Testator gave his estate in trust to pay the income to his wife for life and at her death to pay one half of the principal to a charity, and the remaining half as she should provide by her will. He died within 30 days, and the remainder of one half to charity was void. The auditing judge held that so much of the half of the estate as was in this way invalidly given fell into the other half of the estate under the provisions of section 15(c) of the Wills Act of June 7,1917, P. L. 403.
The next of kin except to this award and point to the terms of the act, which are that the bequest which fails “shall pass to and be divided among the other residuary devisees or legatees, if any there be, in proportion to their respective interests in such residue.” They say that the persons who are to be thus entitled must be in existence *552at the time of the death of testator, which is the time as of which the gift is void.
There is no practical reason why this must be so. The half that is validly given has no fixed owner for the principal until the widow appoints, and it gets along perfectly well without a fixed owner. If that half is in such shape that it can pass under testator’s will, it is in shape to receive within itself an accretion which results from lapse of another share.

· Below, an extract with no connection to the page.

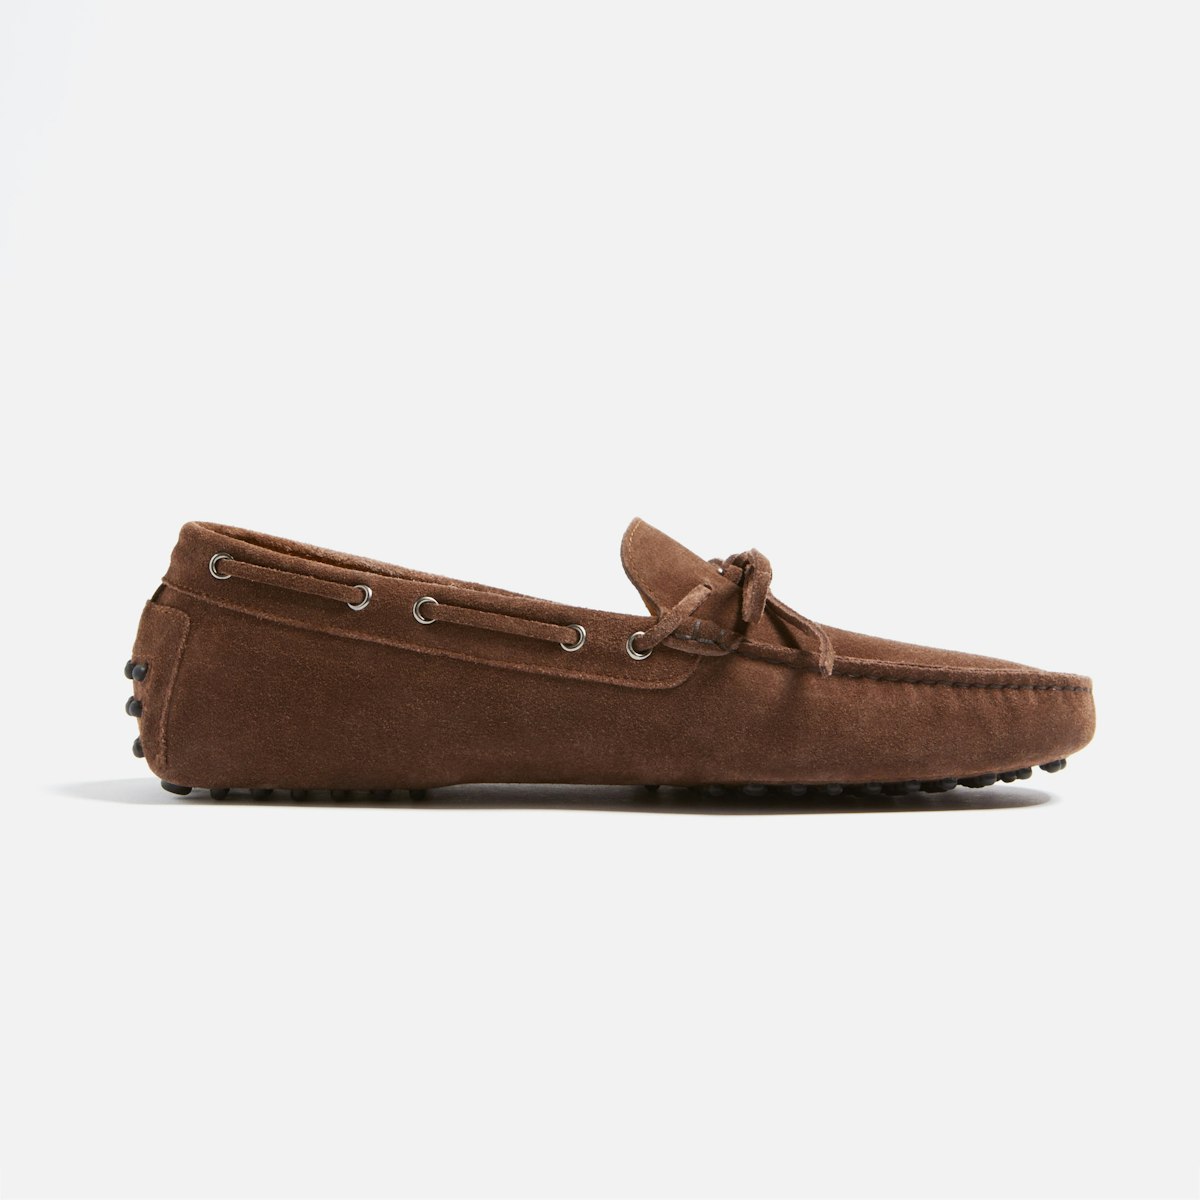 Lucca_LaceUp_DrivingShoe_Chocolate_1x1_RIGHT_0334.jpg

The argument of exceptants goes so far that if the valid share was a gift for life with remainder to issue, and there were no issue yet born, it could receive no accretion from an invalid share.
When the residue is divided into fractions and one fraction fails in whole or in part there is no reason why the bad part cannot fall into the other fractions, whether the persons who are ultimately to get those fractions are presently ascertained or not. See Morgan’s Estate, 37 D. & C. 629. The only difficulty comes in such a case as McNulty’s Estate, 29 Dist. R. 709, 711, in which there was a trust for a husband for life with remainder to a charity, and the remainder was void. It was held that the remainder did not fall into the life estate; and Judge Gest, as usual, expressed succinctly the intent of section 15 (c) of •the Wills Act, viz, that it “. . . contemplates the case where the residuary devisees are given aliquot shares in the residue, and not to a case like the present, where the devisees are respectively life-tenant and remainderman and thus given estates of a different quality.”
It is true that the statute speaks of “the other residuary devisees or legatees”, but it makes no condition that these others shall be living at the death of testator. If the estate to which they are entitled is to come into existence in the future they can be ascertained in the future with no more difficulty than in the case of the devolution of the shares which are without question validly given.
Another aspect of exceptants’ argument is that the estates in remainder, herein bequeathed, are of different qualities because the void remainder of one half of the *553residuary estate to the charity was absolute, whereas the half remainder passed under a general power of appointment of the life estate. A life tenant with a general power of appointment has an estate tantamount to a fee because no other person has any interest in such a power: Price’s Estate, 21 D. & C. 542; Lyon et al. v. Alexander, 304 Pa. 288; Wilbur’s Estate, 334 Pa. 45.
The exceptions are dismissed and the adjudication is confirmed absolutely.